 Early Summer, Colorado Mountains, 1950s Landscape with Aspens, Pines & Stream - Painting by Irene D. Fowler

* * *

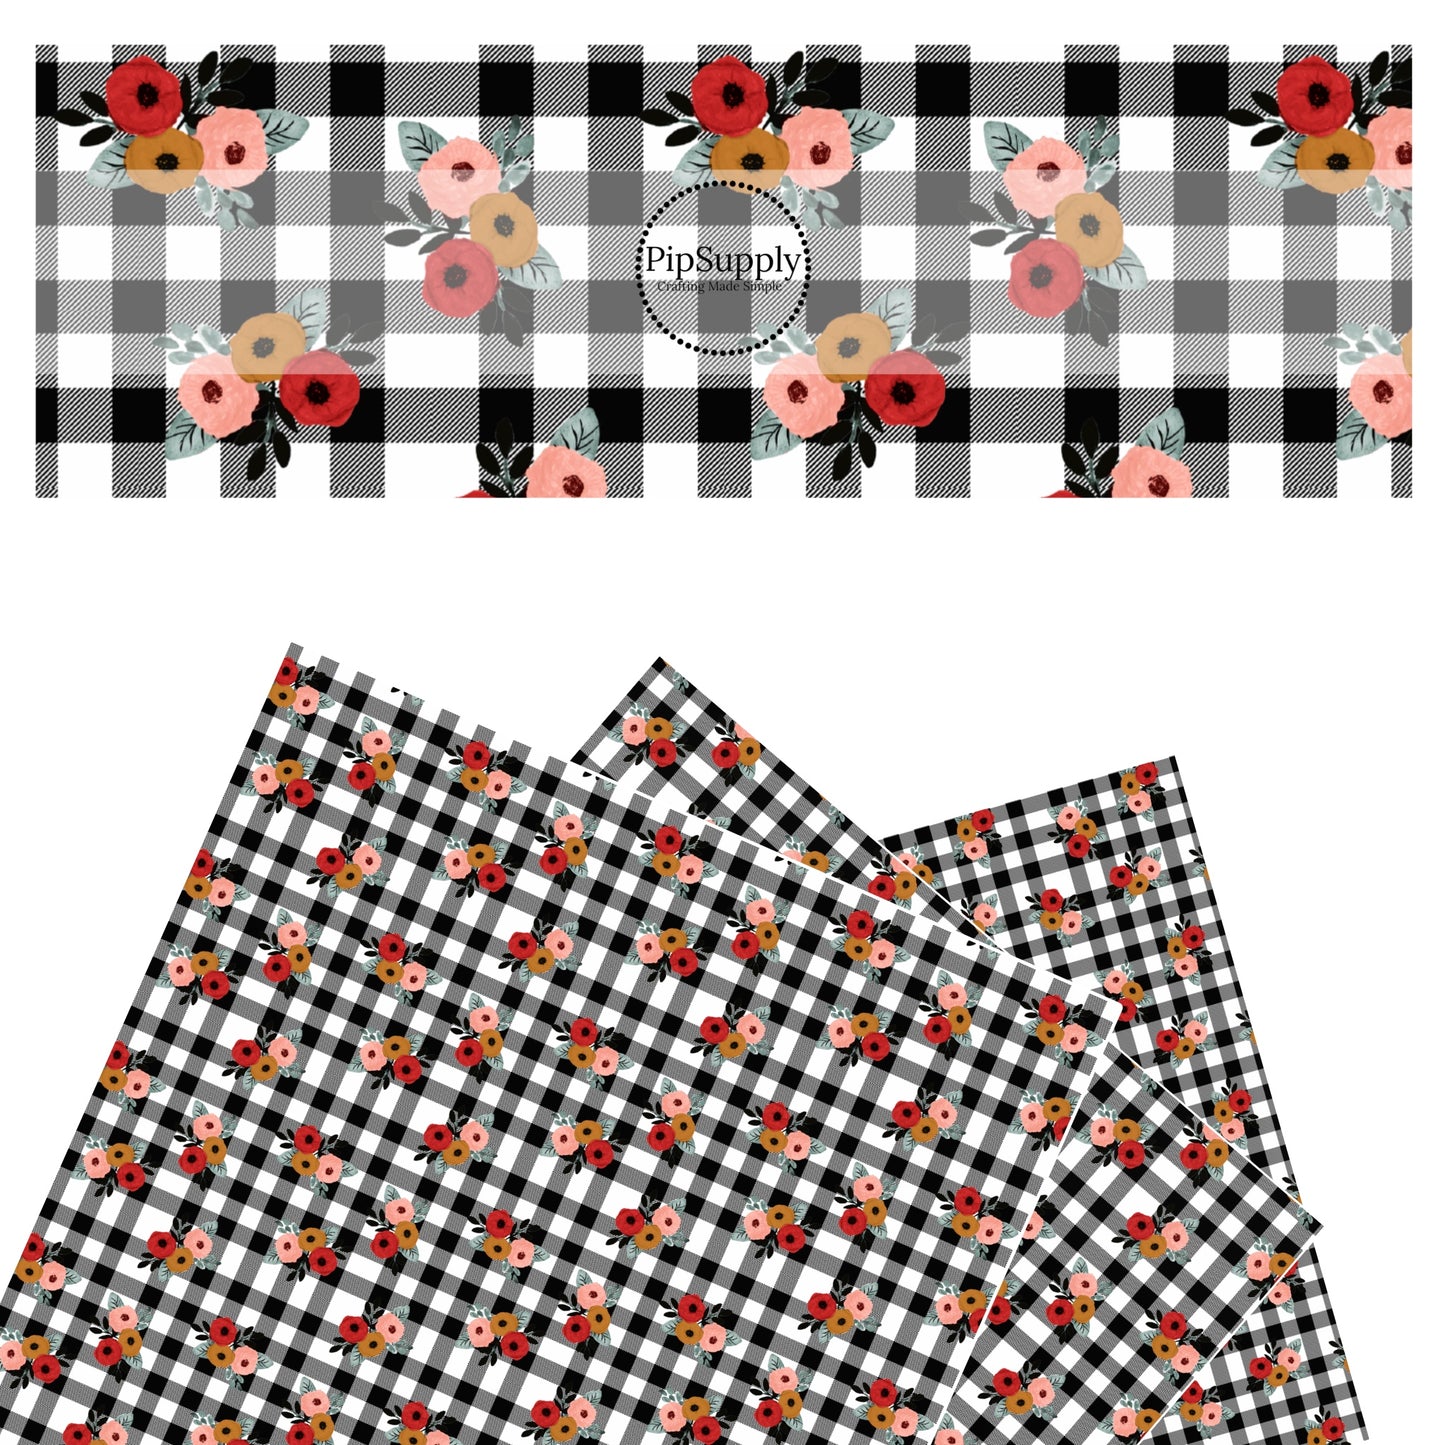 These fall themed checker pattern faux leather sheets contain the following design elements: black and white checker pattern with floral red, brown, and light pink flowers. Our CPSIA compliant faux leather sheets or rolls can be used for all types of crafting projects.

* * *

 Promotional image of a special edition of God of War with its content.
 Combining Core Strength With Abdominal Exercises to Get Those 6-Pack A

- **TASK GOAL**
In the listing above, find the line containing "Promotional image of" and the line containing "Combining Core Strength", then retype both and every line between them exactly, with nothing else.

- **PROBLEM SOLUTION**
 Promotional image of a special edition of God of War with its content.
 Combining Core Strength With Abdominal Exercises to Get Those 6-Pack A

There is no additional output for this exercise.